Find the area bounded by the parabola `x =4 -y ^(2) and ` y -axis.

To find the area bounded by the parabola \( x = 4 - y^2 \) and the y-axis, we can follow these steps: ### Step 1: Understand the parabola The equation \( x = 4 - y^2 \) represents a parabola that opens to the left.

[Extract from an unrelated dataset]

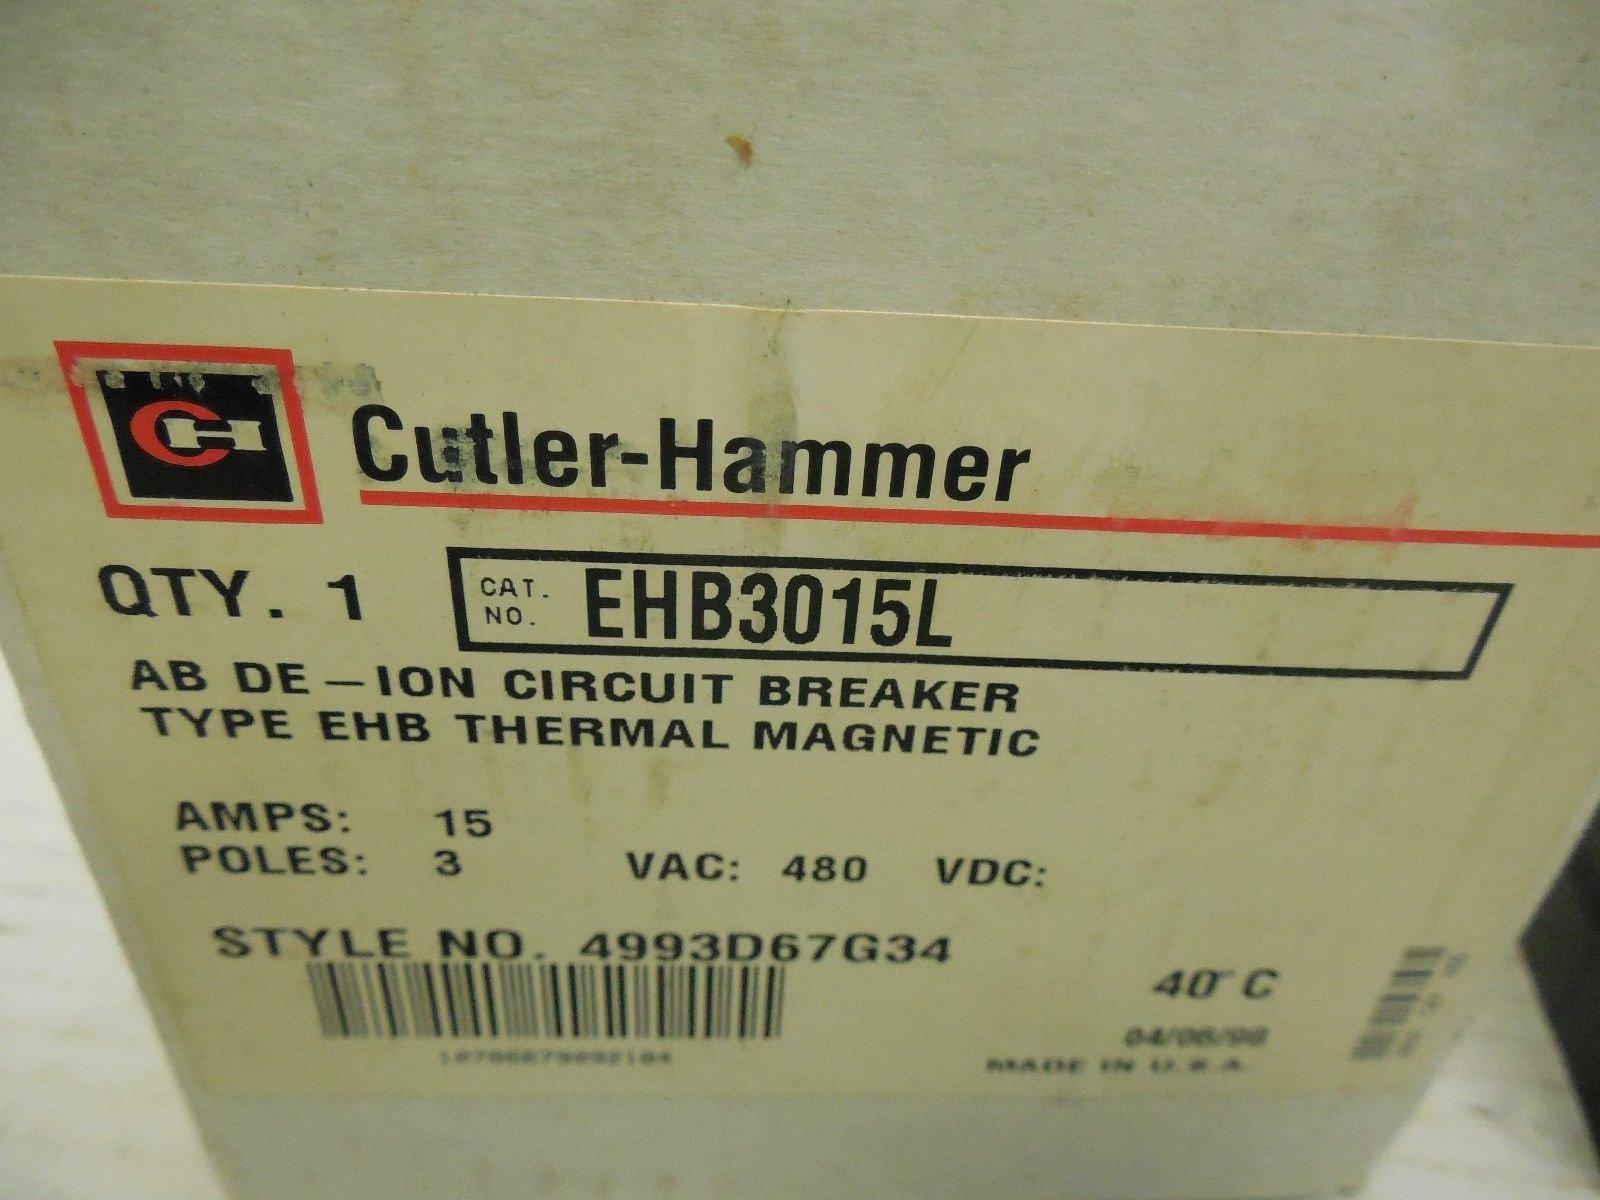 1- CUTLER HAMMER EATON EHB3015L 3-POLE 15-AMP 480V THERMAL MAGNETIC BREAKER EHB AB-DION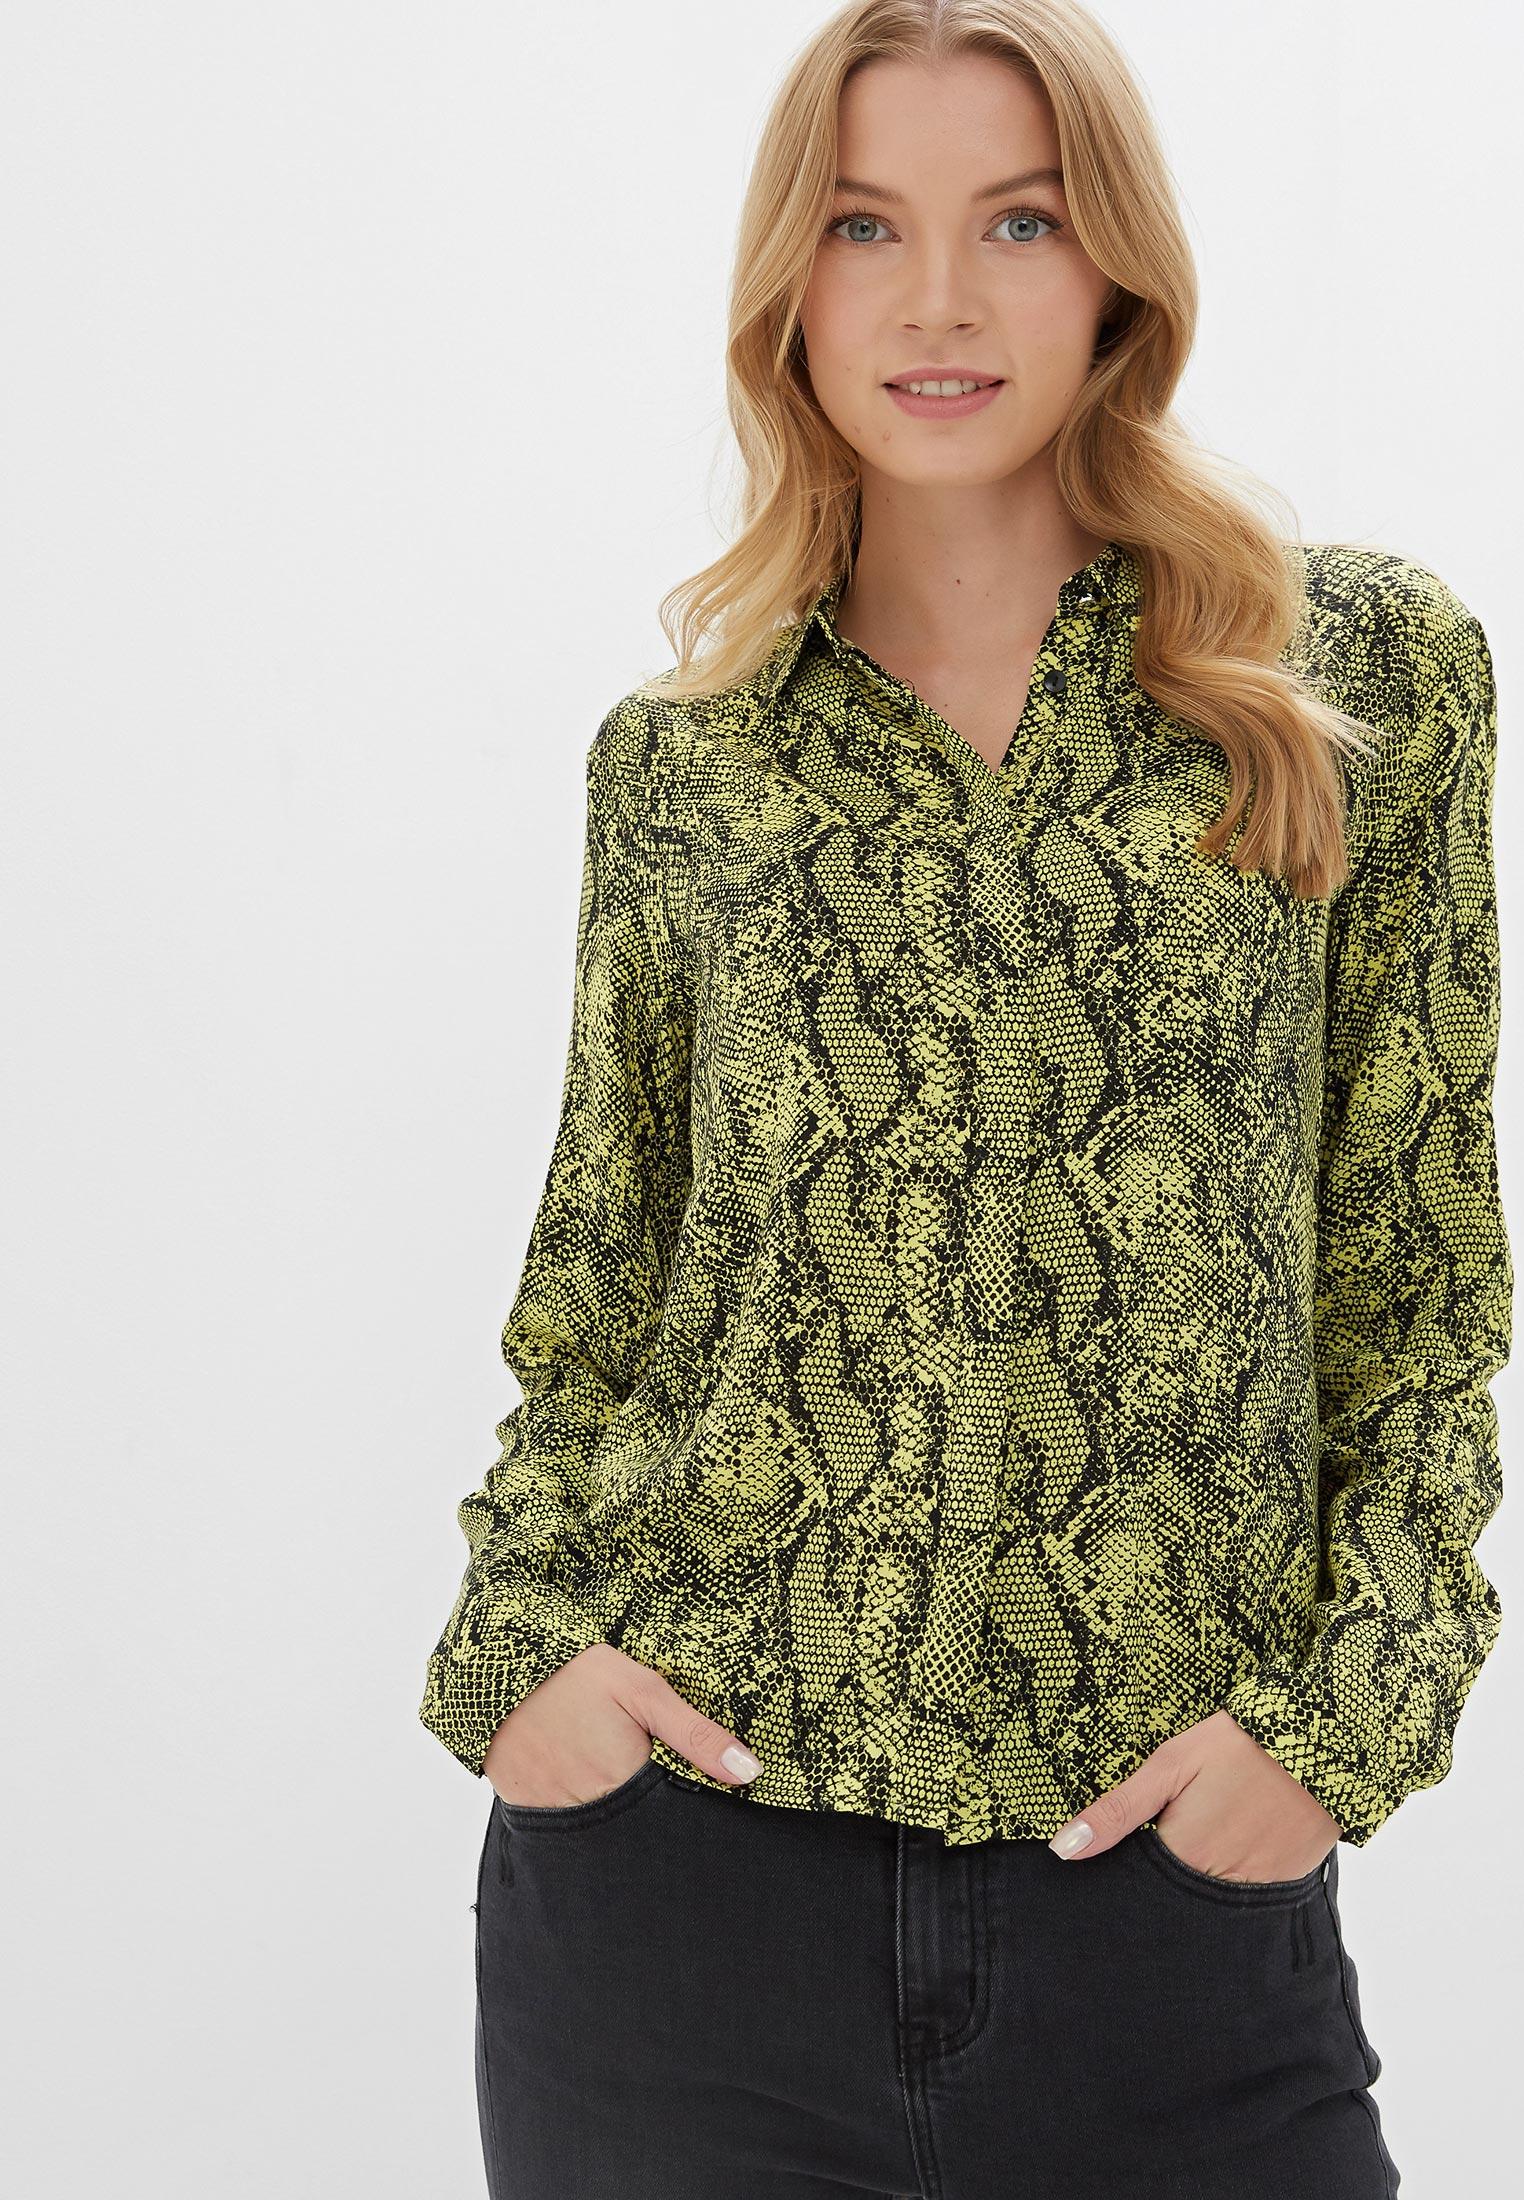 Блуза Top Secret купить за 899 ₽ в интернет-магазине Lamoda.ru

To find the points where it intersects the y-axis, we set \( x = 0 \). ### Step 2: Find the intersection points Setting \( x = 0 \): \[ 0 = 4 - y^2 \implies y^2 = 4 \implies y = \pm 2 \] So, the parabola intersects the y-axis at the points \( (0, 2) \) and \( (0, -2) \). ### Step 3: Determine the area to be calculated The area we want to find is bounded by the parabola and the y-axis, from \( y = -2 \) to \( y = 2 \). ### Step 4: Set up the integral for the area The area \( A \) can be calculated using the integral: \[ A = \int_{-2}^{2} (4 - y^2) \, dy \] Here, \( 4 - y^2 \) is the function that gives the x-coordinate of the parabola for a given y. ### Step 5: Calculate the integral Now we will compute the integral: \[ A = \int_{-2}^{2} (4 - y^2) \, dy \] This can be split into two integrals: \[ A = \int_{-2}^{2} 4 \, dy - \int_{-2}^{2} y^2 \, dy \] Calculating the first integral: \[ \int_{-2}^{2} 4 \, dy = 4[y]_{-2}^{2} = 4(2 - (-2)) = 4 \times 4 = 16 \] Calculating the second integral: \[ \int_{-2}^{2} y^2 \, dy = \left[ \frac{y^3}{3} \right]_{-2}^{2} = \frac{(2)^3}{3} - \frac{(-2)^3}{3} = \frac{8}{3} - \left(-\frac{8}{3}\right) = \frac{8}{3} + \frac{8}{3} = \frac{16}{3} \] ### Step 6: Combine the results Now substituting back into the area formula: \[ A = 16 - \frac{16}{3} = \frac{48}{3} - \frac{16}{3} = \frac{32}{3} \] ### Final Answer Thus, the area bounded by the parabola \( x = 4 - y^2 \) and the y-axis is: \[ \boxed{\frac{32}{3}} \]